Data records
________

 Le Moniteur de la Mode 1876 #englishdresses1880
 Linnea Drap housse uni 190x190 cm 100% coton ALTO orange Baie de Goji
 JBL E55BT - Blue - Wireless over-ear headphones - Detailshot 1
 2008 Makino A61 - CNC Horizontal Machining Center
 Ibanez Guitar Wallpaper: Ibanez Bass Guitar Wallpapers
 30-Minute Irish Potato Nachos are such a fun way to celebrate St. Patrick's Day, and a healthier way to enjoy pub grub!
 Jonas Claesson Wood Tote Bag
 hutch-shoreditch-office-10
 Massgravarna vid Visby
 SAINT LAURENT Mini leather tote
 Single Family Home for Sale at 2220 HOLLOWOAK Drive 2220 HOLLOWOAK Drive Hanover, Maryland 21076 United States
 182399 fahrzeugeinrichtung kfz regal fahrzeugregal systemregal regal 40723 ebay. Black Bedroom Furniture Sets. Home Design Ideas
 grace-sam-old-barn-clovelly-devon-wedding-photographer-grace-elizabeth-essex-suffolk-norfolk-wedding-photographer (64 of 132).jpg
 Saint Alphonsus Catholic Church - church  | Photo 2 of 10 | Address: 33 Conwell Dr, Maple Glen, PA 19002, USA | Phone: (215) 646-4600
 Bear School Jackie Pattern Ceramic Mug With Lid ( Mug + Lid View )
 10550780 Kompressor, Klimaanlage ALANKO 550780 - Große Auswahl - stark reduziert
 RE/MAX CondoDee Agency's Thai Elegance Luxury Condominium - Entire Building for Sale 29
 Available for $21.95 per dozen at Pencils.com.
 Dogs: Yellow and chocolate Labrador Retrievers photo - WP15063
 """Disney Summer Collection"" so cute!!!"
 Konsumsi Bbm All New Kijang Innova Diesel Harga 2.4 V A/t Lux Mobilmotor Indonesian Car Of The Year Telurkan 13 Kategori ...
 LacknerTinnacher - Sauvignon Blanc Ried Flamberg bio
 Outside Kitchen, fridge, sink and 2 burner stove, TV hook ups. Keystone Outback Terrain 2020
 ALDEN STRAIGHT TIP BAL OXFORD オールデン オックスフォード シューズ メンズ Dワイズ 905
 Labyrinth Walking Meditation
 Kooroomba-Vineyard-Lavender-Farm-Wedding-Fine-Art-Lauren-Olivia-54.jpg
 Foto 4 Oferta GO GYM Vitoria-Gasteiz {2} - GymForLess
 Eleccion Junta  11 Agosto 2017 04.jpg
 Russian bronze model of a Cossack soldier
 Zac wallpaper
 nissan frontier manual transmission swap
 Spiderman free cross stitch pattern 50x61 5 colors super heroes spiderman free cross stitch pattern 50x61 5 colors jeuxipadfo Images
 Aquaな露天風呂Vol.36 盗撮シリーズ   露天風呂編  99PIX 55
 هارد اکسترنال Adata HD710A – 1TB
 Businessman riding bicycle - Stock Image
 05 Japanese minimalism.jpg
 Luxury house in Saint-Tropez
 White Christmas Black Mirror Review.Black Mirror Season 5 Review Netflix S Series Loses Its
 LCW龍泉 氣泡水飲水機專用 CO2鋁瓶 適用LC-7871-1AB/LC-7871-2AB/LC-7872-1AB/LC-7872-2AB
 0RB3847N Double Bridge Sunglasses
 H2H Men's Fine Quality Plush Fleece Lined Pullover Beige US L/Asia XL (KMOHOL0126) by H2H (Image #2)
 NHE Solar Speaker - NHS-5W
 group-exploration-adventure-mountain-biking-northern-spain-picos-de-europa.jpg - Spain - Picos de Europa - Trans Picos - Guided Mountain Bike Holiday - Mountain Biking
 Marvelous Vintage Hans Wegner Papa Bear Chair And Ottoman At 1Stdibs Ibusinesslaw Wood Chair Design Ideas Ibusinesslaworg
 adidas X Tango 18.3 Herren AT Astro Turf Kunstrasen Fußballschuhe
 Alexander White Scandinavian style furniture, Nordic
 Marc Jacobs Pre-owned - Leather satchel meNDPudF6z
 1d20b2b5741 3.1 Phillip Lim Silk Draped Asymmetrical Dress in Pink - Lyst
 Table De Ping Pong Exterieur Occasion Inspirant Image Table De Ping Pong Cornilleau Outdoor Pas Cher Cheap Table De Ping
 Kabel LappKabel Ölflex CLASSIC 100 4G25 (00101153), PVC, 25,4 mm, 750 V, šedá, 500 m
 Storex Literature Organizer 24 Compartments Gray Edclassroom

________

→ Action item:
The records above are to be copied in full, exactly as written.

→ Result of the exercise:
 Le Moniteur de la Mode 1876 #englishdresses1880
 Linnea Drap housse uni 190x190 cm 100% coton ALTO orange Baie de Goji
 JBL E55BT - Blue - Wireless over-ear headphones - Detailshot 1
 2008 Makino A61 - CNC Horizontal Machining Center
 Ibanez Guitar Wallpaper: Ibanez Bass Guitar Wallpapers
 30-Minute Irish Potato Nachos are such a fun way to celebrate St. Patrick's Day, and a healthier way to enjoy pub grub!
 Jonas Claesson Wood Tote Bag
 hutch-shoreditch-office-10
 Massgravarna vid Visby
 SAINT LAURENT Mini leather tote
 Single Family Home for Sale at 2220 HOLLOWOAK Drive 2220 HOLLOWOAK Drive Hanover, Maryland 21076 United States
 182399 fahrzeugeinrichtung kfz regal fahrzeugregal systemregal regal 40723 ebay. Black Bedroom Furniture Sets. Home Design Ideas
 grace-sam-old-barn-clovelly-devon-wedding-photographer-grace-elizabeth-essex-suffolk-norfolk-wedding-photographer (64 of 132).jpg
 Saint Alphonsus Catholic Church - church  | Photo 2 of 10 | Address: 33 Conwell Dr, Maple Glen, PA 19002, USA | Phone: (215) 646-4600
 Bear School Jackie Pattern Ceramic Mug With Lid ( Mug + Lid View )
 10550780 Kompressor, Klimaanlage ALANKO 550780 - Große Auswahl - stark reduziert
 RE/MAX CondoDee Agency's Thai Elegance Luxury Condominium - Entire Building for Sale 29
 Available for $21.95 per dozen at Pencils.com.
 Dogs: Yellow and chocolate Labrador Retrievers photo - WP15063
 """Disney Summer Collection"" so cute!!!"
 Konsumsi Bbm All New Kijang Innova Diesel Harga 2.4 V A/t Lux Mobilmotor Indonesian Car Of The Year Telurkan 13 Kategori ...
 LacknerTinnacher - Sauvignon Blanc Ried Flamberg bio
 Outside Kitchen, fridge, sink and 2 burner stove, TV hook ups. Keystone Outback Terrain 2020
 ALDEN STRAIGHT TIP BAL OXFORD オールデン オックスフォード シューズ メンズ Dワイズ 905
 Labyrinth Walking Meditation
 Kooroomba-Vineyard-Lavender-Farm-Wedding-Fine-Art-Lauren-Olivia-54.jpg
 Foto 4 Oferta GO GYM Vitoria-Gasteiz {2} - GymForLess
 Eleccion Junta  11 Agosto 2017 04.jpg
 Russian bronze model of a Cossack soldier
 Zac wallpaper
 nissan frontier manual transmission swap
 Spiderman free cross stitch pattern 50x61 5 colors super heroes spiderman free cross stitch pattern 50x61 5 colors jeuxipadfo Images
 Aquaな露天風呂Vol.36 盗撮シリーズ   露天風呂編  99PIX 55
 هارد اکسترنال Adata HD710A – 1TB
 Businessman riding bicycle - Stock Image
 05 Japanese minimalism.jpg
 Luxury house in Saint-Tropez
 White Christmas Black Mirror Review.Black Mirror Season 5 Review Netflix S Series Loses Its
 LCW龍泉 氣泡水飲水機專用 CO2鋁瓶 適用LC-7871-1AB/LC-7871-2AB/LC-7872-1AB/LC-7872-2AB
 0RB3847N Double Bridge Sunglasses
 H2H Men's Fine Quality Plush Fleece Lined Pullover Beige US L/Asia XL (KMOHOL0126) by H2H (Image #2)
 NHE Solar Speaker - NHS-5W
 group-exploration-adventure-mountain-biking-northern-spain-picos-de-europa.jpg - Spain - Picos de Europa - Trans Picos - Guided Mountain Bike Holiday - Mountain Biking
 Marvelous Vintage Hans Wegner Papa Bear Chair And Ottoman At 1Stdibs Ibusinesslaw Wood Chair Design Ideas Ibusinesslaworg
 adidas X Tango 18.3 Herren AT Astro Turf Kunstrasen Fußballschuhe
 Alexander White Scandinavian style furniture, Nordic
 Marc Jacobs Pre-owned - Leather satchel meNDPudF6z
 1d20b2b5741 3.1 Phillip Lim Silk Draped Asymmetrical Dress in Pink - Lyst
 Table De Ping Pong Exterieur Occasion Inspirant Image Table De Ping Pong Cornilleau Outdoor Pas Cher Cheap Table De Ping
 Kabel LappKabel Ölflex CLASSIC 100 4G25 (00101153), PVC, 25,4 mm, 750 V, šedá, 500 m
 Storex Literature Organizer 24 Compartments Gray Edclassroom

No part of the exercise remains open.